Monday, September 17, 2012

OMB Details Sequestration Plan; DHS Potentially Hit With $4B In Cuts


By: Mickey McCarter
09/17/2012 (12:00am)

The US Office of Management and Budget (OMB) released a report Friday providing an overview of the Obama administration's plans for sequestration, which is set to cut the federal budget across the board beginning Jan. 1, 2013, unless Congress can develop an alternate plan.

For the Department of Homeland Security (DHS), the sequestration plan would mean a budget cut of just over $4 billion, according to the report, OMB Report Pursuant to the Sequestration Transparency Act of 2012 (Public Law 112-155).

Overall, as spelled out in the Budget Control Act of 2011 (PL 112-25), sequestration would cut $1.2 trillion from the US budget over 10 years. The amount would be divided evenly between defense and non-defense accounts. For the first year of sequestration, that means the White House must cut about $54.67 billion from defense accounts and the same amount from non-defense accounts.

Most of DHS spending falls under non-defense accounts based on how the Budget Control Act defines those terms. Generally speaking, the biggest DHS agencies would take the biggest hits under the sequestration plan with aviation security, immigration enforcement, border security and disaster relief accounts losing roughly half a billion each or more.

The OMB report cautioned, "The estimates and classifications in the report are preliminary. If the sequestration were to occur, the actual results would differ based on changes in law and ongoing legal, budgetary and technical analysis. However, the report leaves no question that the sequestration would be deeply destructive to national security, domestic investments, and core government functions."

The report added, "The number of Federal Bureau of Investigation agents, Customs and Border Patrol agents, correctional officers and federal prosecutors would be slashed."

Generally, sequestration reduces non-exempt defense discretionary funding by 9.4 percent and non-exempt non-defense discretionary spending by 8.2 percent. It further cuts non-exempt defense mandatory programs by 10 percent and non-exempt non-defense mandatory programs by 7.6 percent, according to OMB's calculations.

The Transportation Security Administration (TSA) would experience one of the biggest cuts of $1.27 trillion overall under the sequestration plan. The Federal Air Marshal Service would be cut 8.2 percent by $79 million.

Aviation security spending would be cut $448 million between discretionary and mandatory spending. Surface transportation security would drop $11 million; transportation security support, $85 million. The TSA Transportation Threat Assessment and Credentialing program would lose $20 million

US Immigration and Customs Enforcement would see a cut of $477 million in immigration enforcement efforts.

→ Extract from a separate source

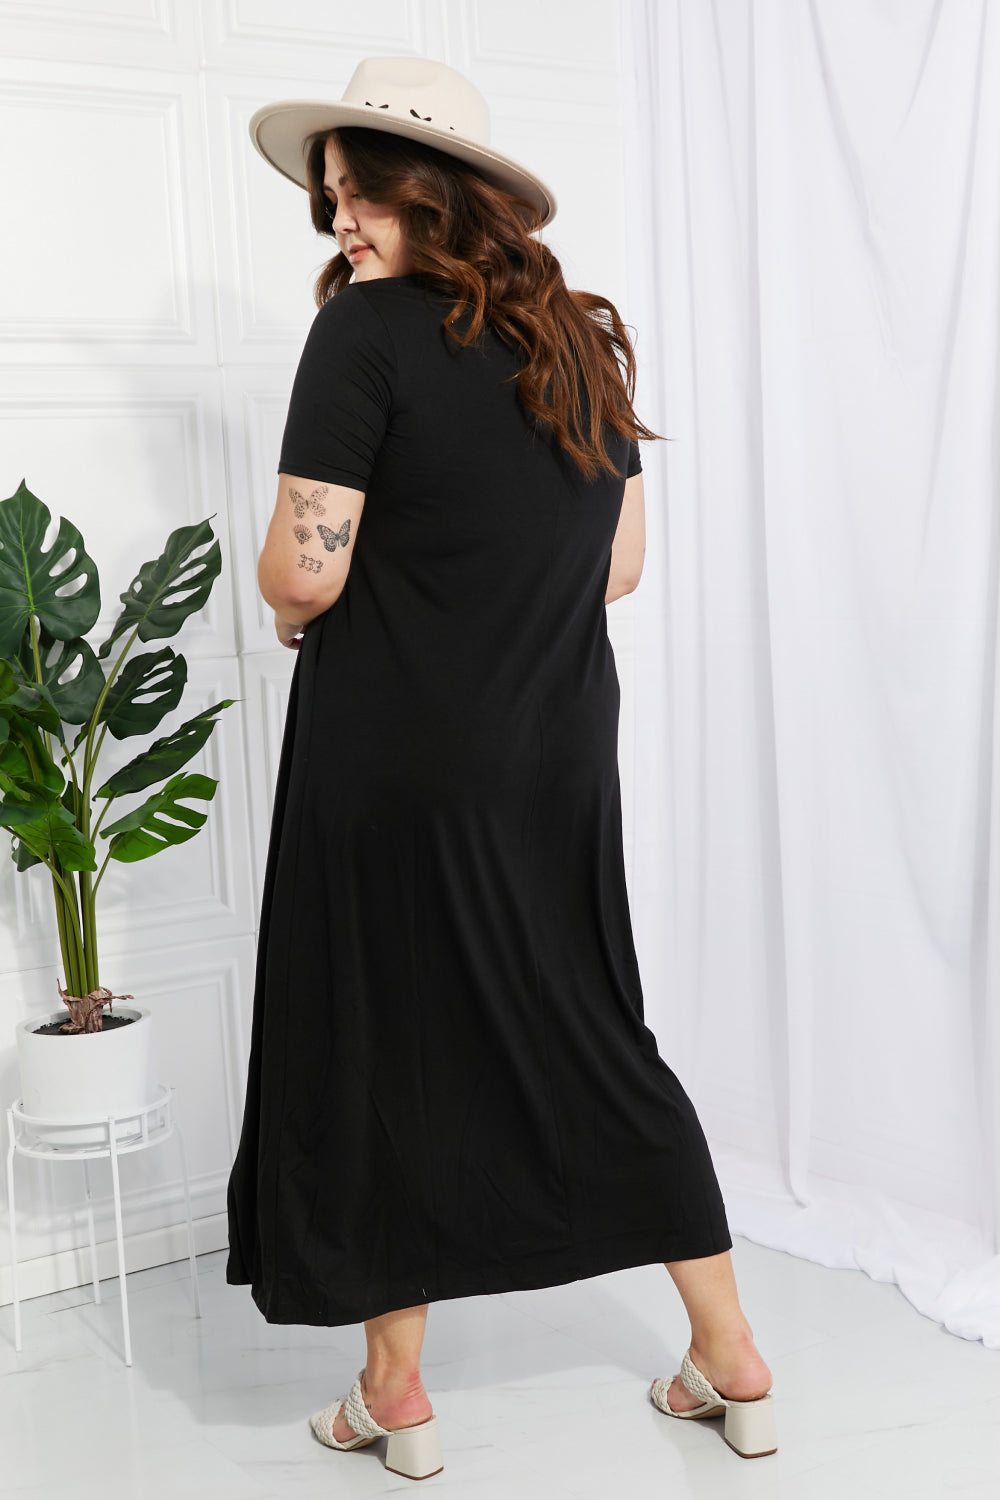 Zenana Simple Wonder Pocket Maxi Dress in Black

Its automation modernization program would lose $1 million

US Customs and Border Protection (CBP) would lose roughly $955 million overall, accounting for nearly a quarter of DHS sequestered funds. Border security spending alone would receive a cut of $823 million. Air and marine interdiction efforts would lose $41 million; border security fencing, infrastructure and technology, $33 million.

The Federal Emergency Management Agency (FEMA) would lose a total of $878 million under the sequestration plan. Disaster relief funding would take the biggest hit of $580 million.

The US Coast Guard, while by no means unscathed, comes out a little bit better than other agencies with budgets around $10 billion. It would lose $439 million under sequestration. Its operating expenses would lose $297 million altogether; acquisition and construction, $115 million; and oil spill programs, $8 million.

In total, DHS would lose $4.068 billion under the OMB sequestration plan. As Congress had passed no appropriations bill at the time of the OMB report, the White House presumed that budget levels would largely remain at the annualized level based on appropriations for fiscal year 2012.

DHS received $39.6 billion in FY 2012 appropriations under a consolidated spending bill enacted last December.